Saat kondisi darurat seperti sekarang, mustahil ia membiarkan Archie merangkak di lantai dengan kondisinya yang tak memungkinkan. Archie sejatinya belum mampu berjalan sendiri tanpa pegangan. Anak laki-laki itu akan terjatuh setiap kali melangkah, jadi keputusan untuk tetap menggendongnya adalah yang paling tepat, kendati ia tak tega melihat ekspresinya yang menyedihkan.

Segera Theo pergi ke kamar mandi dan membersihkan tubuh Archie dengan telaten dan hati-hati. Handuk biru terbungkus di tubuh kecilnya, handuk yang kini menjadi favorit Archie sejak ia mulai memahami warna. Tak lupa Theo membalurkan minyak eucalyptus sebelum memakaikannya baju dan celana. Setidaknya pelajaran mengasuh anak yang didapatkannya dari sang istri sangat berguna.

Ya, semenjak istrinya memutuskan untuk membantu mengelola rumah makan keluarga, ia jarang tinggal di rumah, sehingga Theo pun menjadi lebih sering turun tangan mengurus putra mereka. Theo tidak melarang meskipun ia kesulitan menjaga Archie yang sudah mulai aktif melangkah ke sana kemari. Memang ini perkembangan yang bagus untuk Archie. Tapi Theo juga harus pergi ke sekolah hingga petang hari.

Jika dipikir-pikir, istrinya memang butuh pengalihan, atau setidaknya dia sangat memahami wanitanya yang tak pernah bisa diam atau hanya tinggal di rumah. Maka memberinya kebebasan adalah hadiah paling benar dan mewah. Memikirkan istri, membuat kerinduan di hati kian melambung tinggi. Mendesah lelah, setidaknya dia lega telah berhasil merampungkan pekerjaannya.

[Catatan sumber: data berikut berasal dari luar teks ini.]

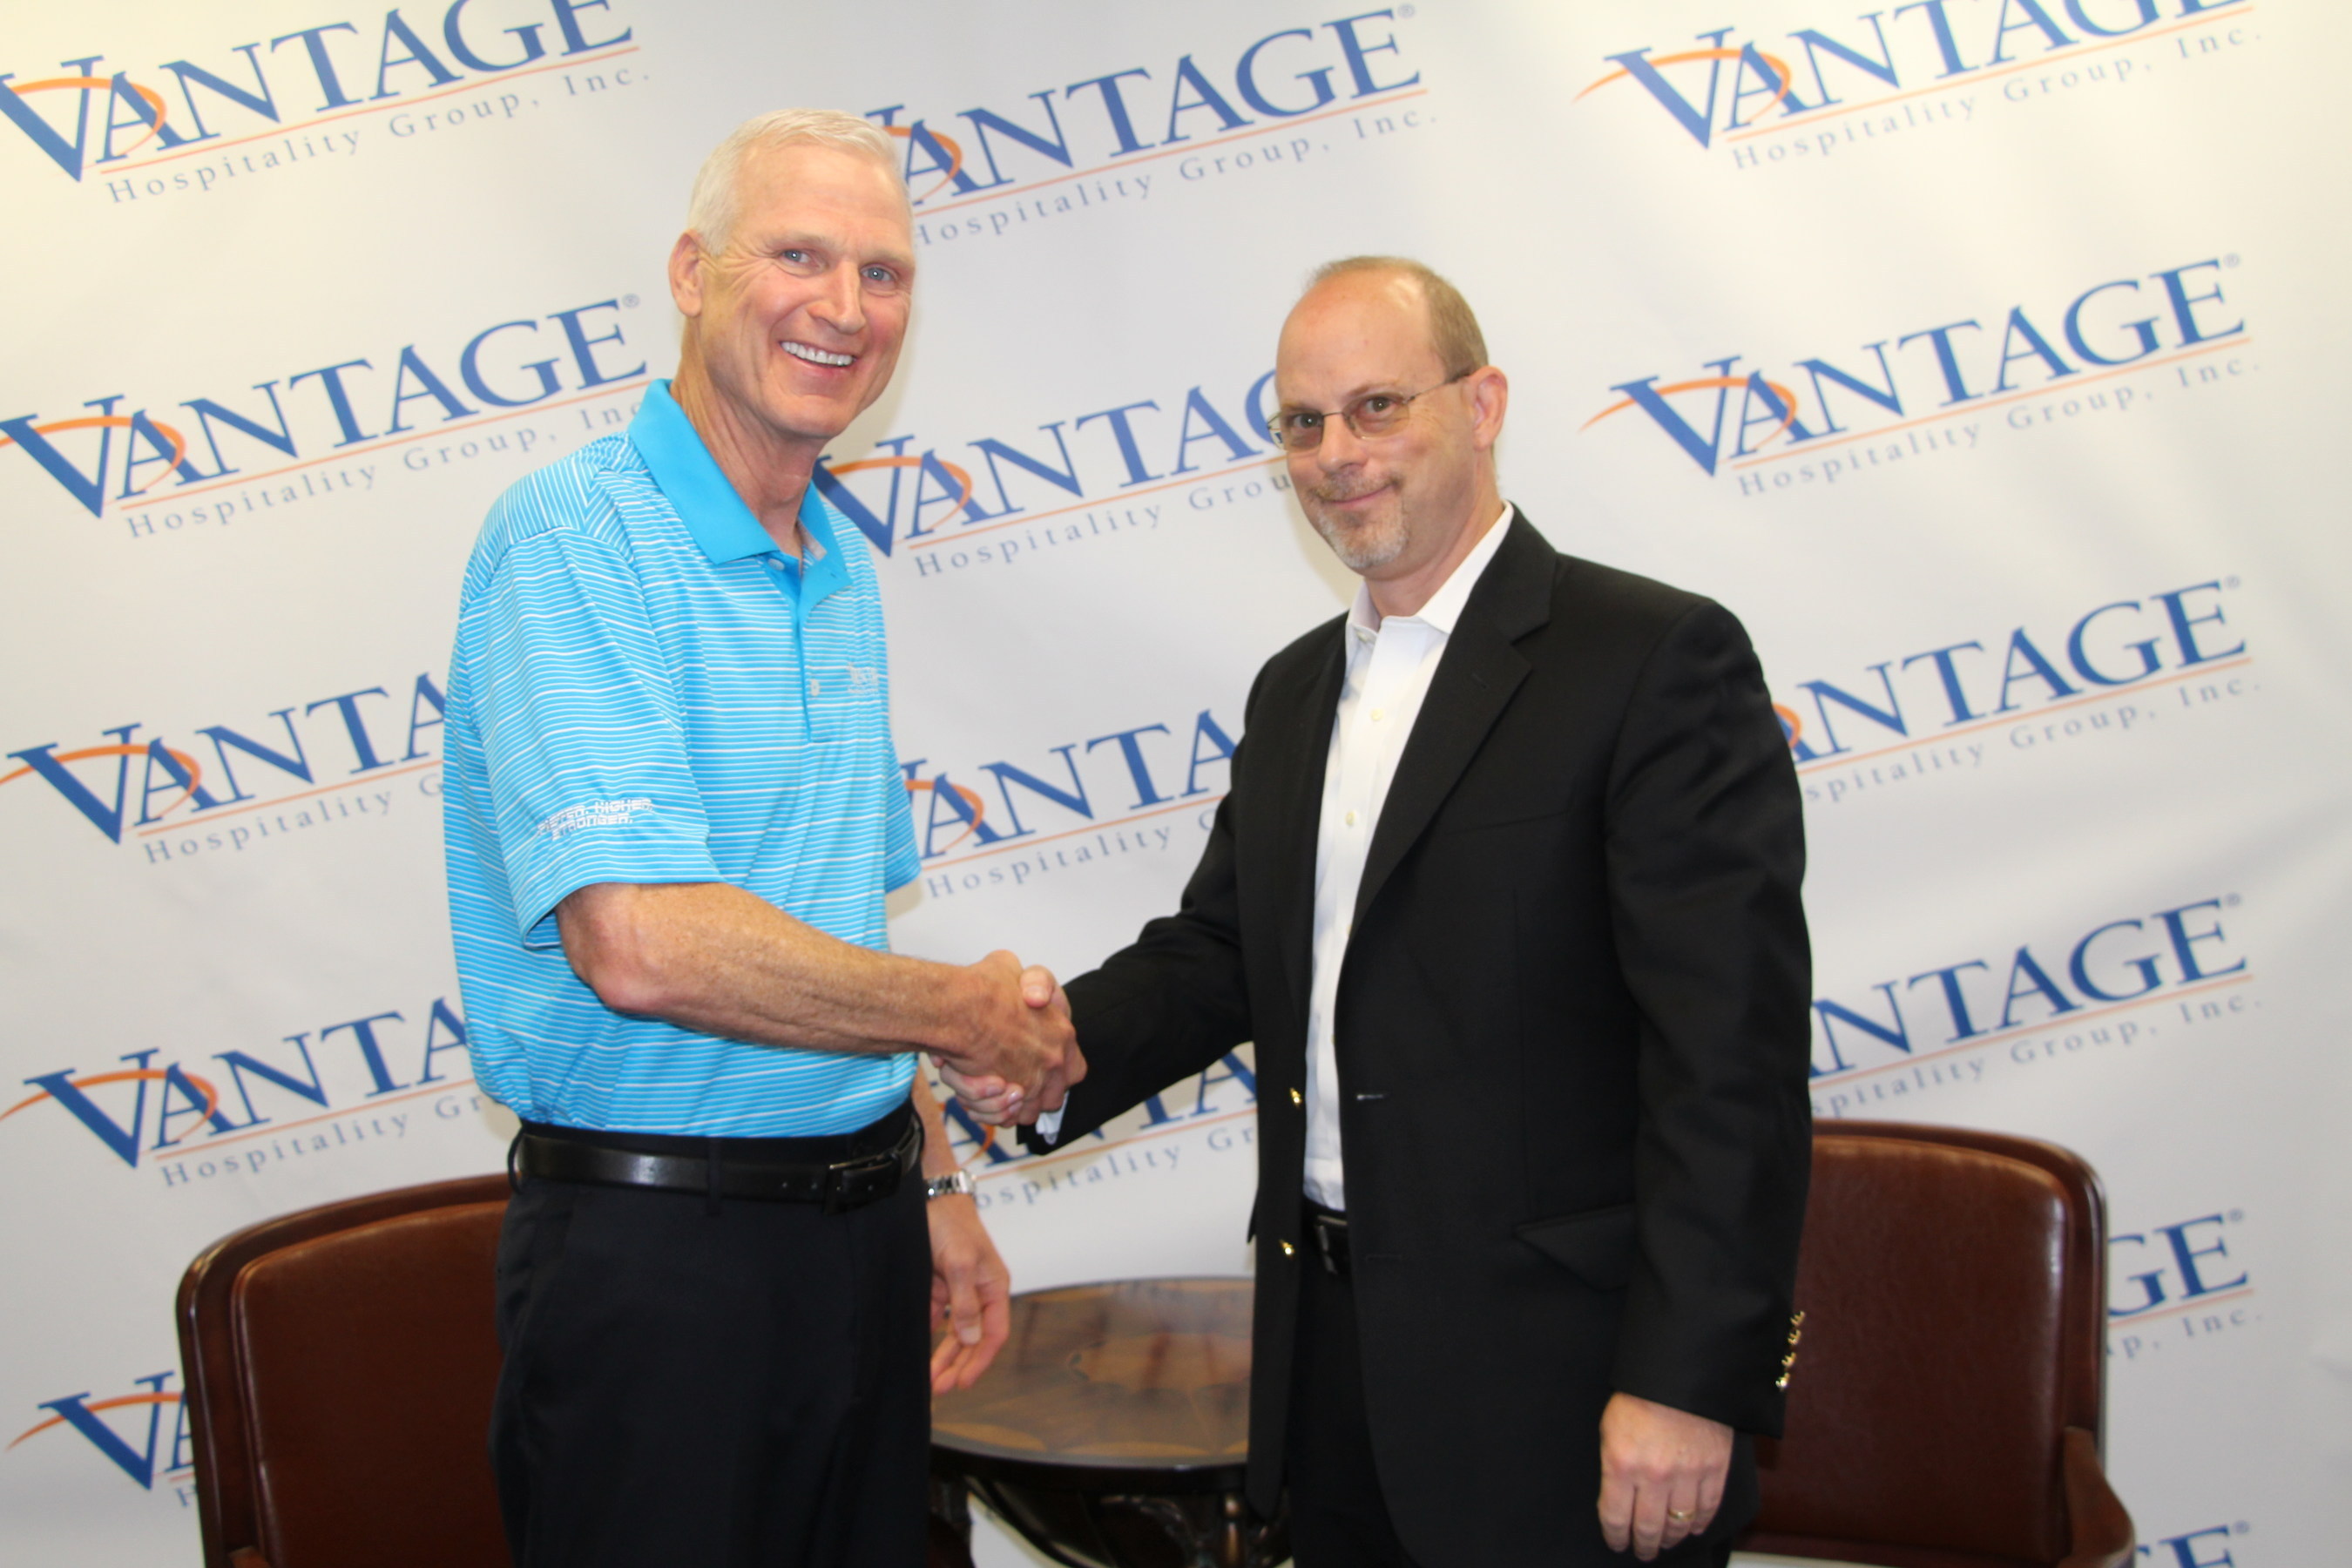 Vantage Hospitality President & CEO Roger Bloss (left) with America's Best Franchising President & CEO Sterling Stoudenmire after announcing that Vantage has agreed to acquire ABF's hotel brands - America's Best Inns & Suites, Country Hearth Inns & Suites, Jameson Inn, Jameson Suites, Signature Inn, and 3 Palms Hotels & Resorts, and ABF's license for the Budgetel Inns & Suites brand. (PRNewsFoto/Vantage Hospitality)

“Archie, Ayah akan membuatkanmu makan malam. Cukup di sini dan bermain dengan mereka, oke?”

Dia berpamitan pada putranya untuk memasak. Anak itu tak memberi reaksi yang berarti sebab terlalu sibuk dengan mainan yang bercecer di lantai. Theo tersenyum, mengusap kepala putranya, lalu bangun dari posisi duduknya dan berderap meninggalkannya. Sesekali iris gelapnya mengawasi pergerakan Archie dari jarak yang masih dapat dijangkaunya.

Bila dihitung dengan teknik Korea, Archie berusia enam tahun saat ini. Dia anak yang terlahir prematur. Sering keluar masuk rumah sakit sejak ia bayi. Archie memiliki sistem kekebalan tubuh yang rendah, dia gampang sakit jika kelelahan sedikit saja. Komplikasi lain kemudian muncul ketika Archie menginjak usia enam bulan.

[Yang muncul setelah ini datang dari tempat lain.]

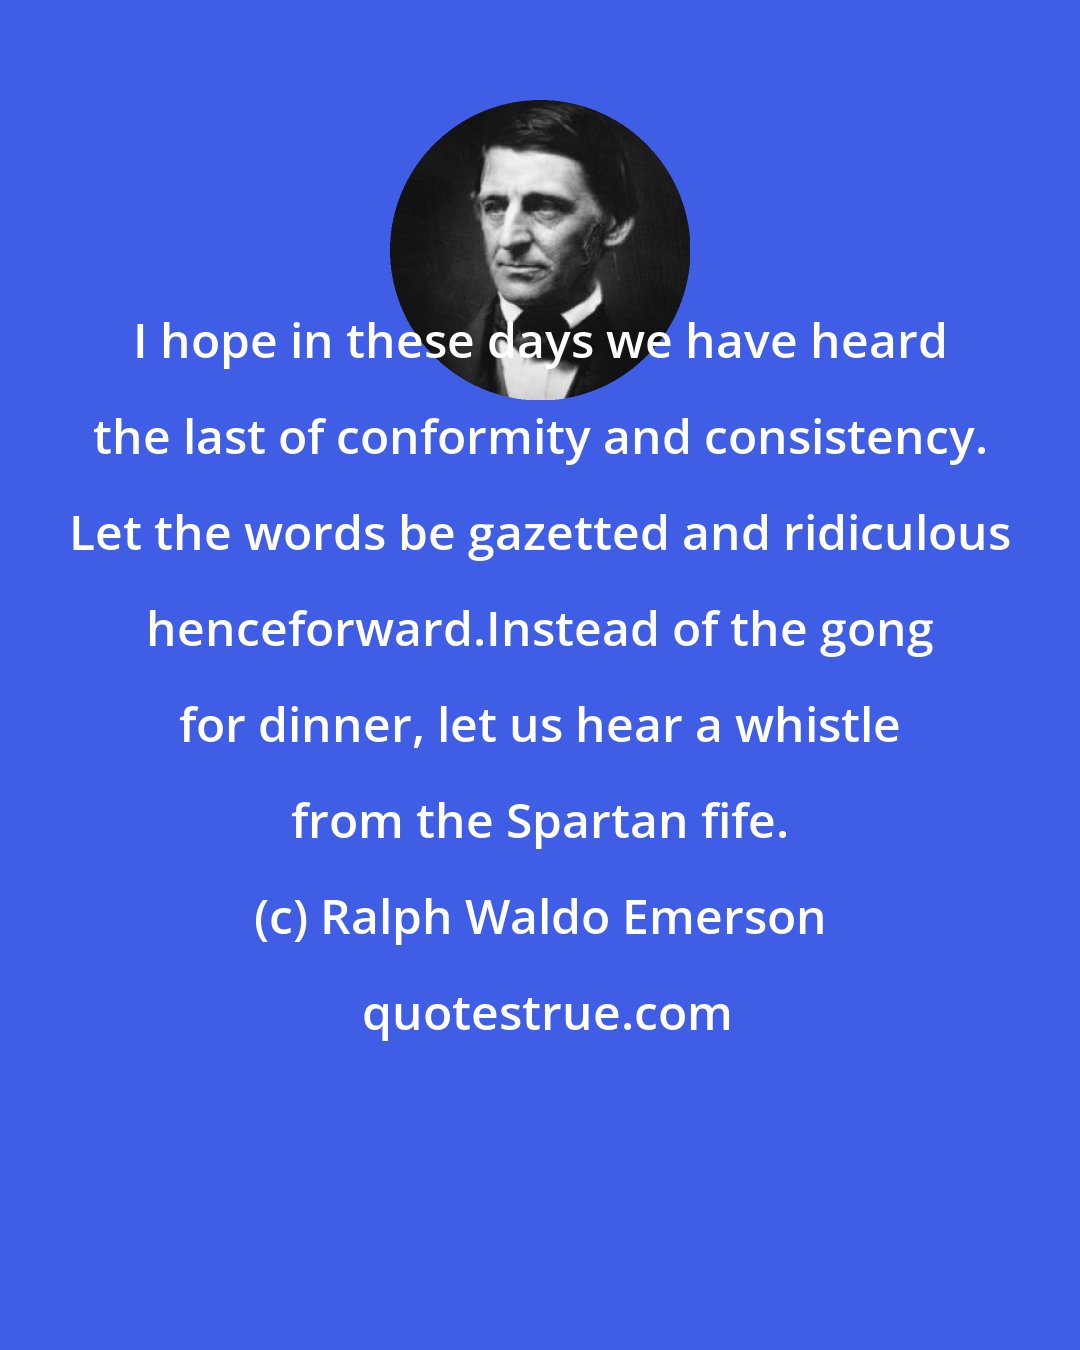 Ralph Waldo Emerson: I hope in these days we have heard the last of conformity and consistency. Let the words be gazetted and ridiculous henceforward.Instead of the gong for dinner, let us hear a whistle from the Spartan fife.

Saat seharusnya ia sudah bisa duduk, dia hanya berbaring. Saat anak lain belajar berjalan, Archie belum bisa melakukannya. Saat teman-temannya pandai berbicara, Archie masih mengeluarkan suara-suara khas bayi. Dokter memberitahunya bahwa Archie mengidap dispraksia, sebuah gangguan perkembangan yang mempengaruhi motoriknya.

Namun demikian, Archie tetaplah anak yang istimewa. Sebab keistimewaannya, ia pun juga harus diperlakukan lebih istimewa. Berkat kegigihan Theo dan istrinya, kini Archie sudah bisa berjalan meski tertatih dan gerakan yang masih kaku seperti robot mainan miliknya.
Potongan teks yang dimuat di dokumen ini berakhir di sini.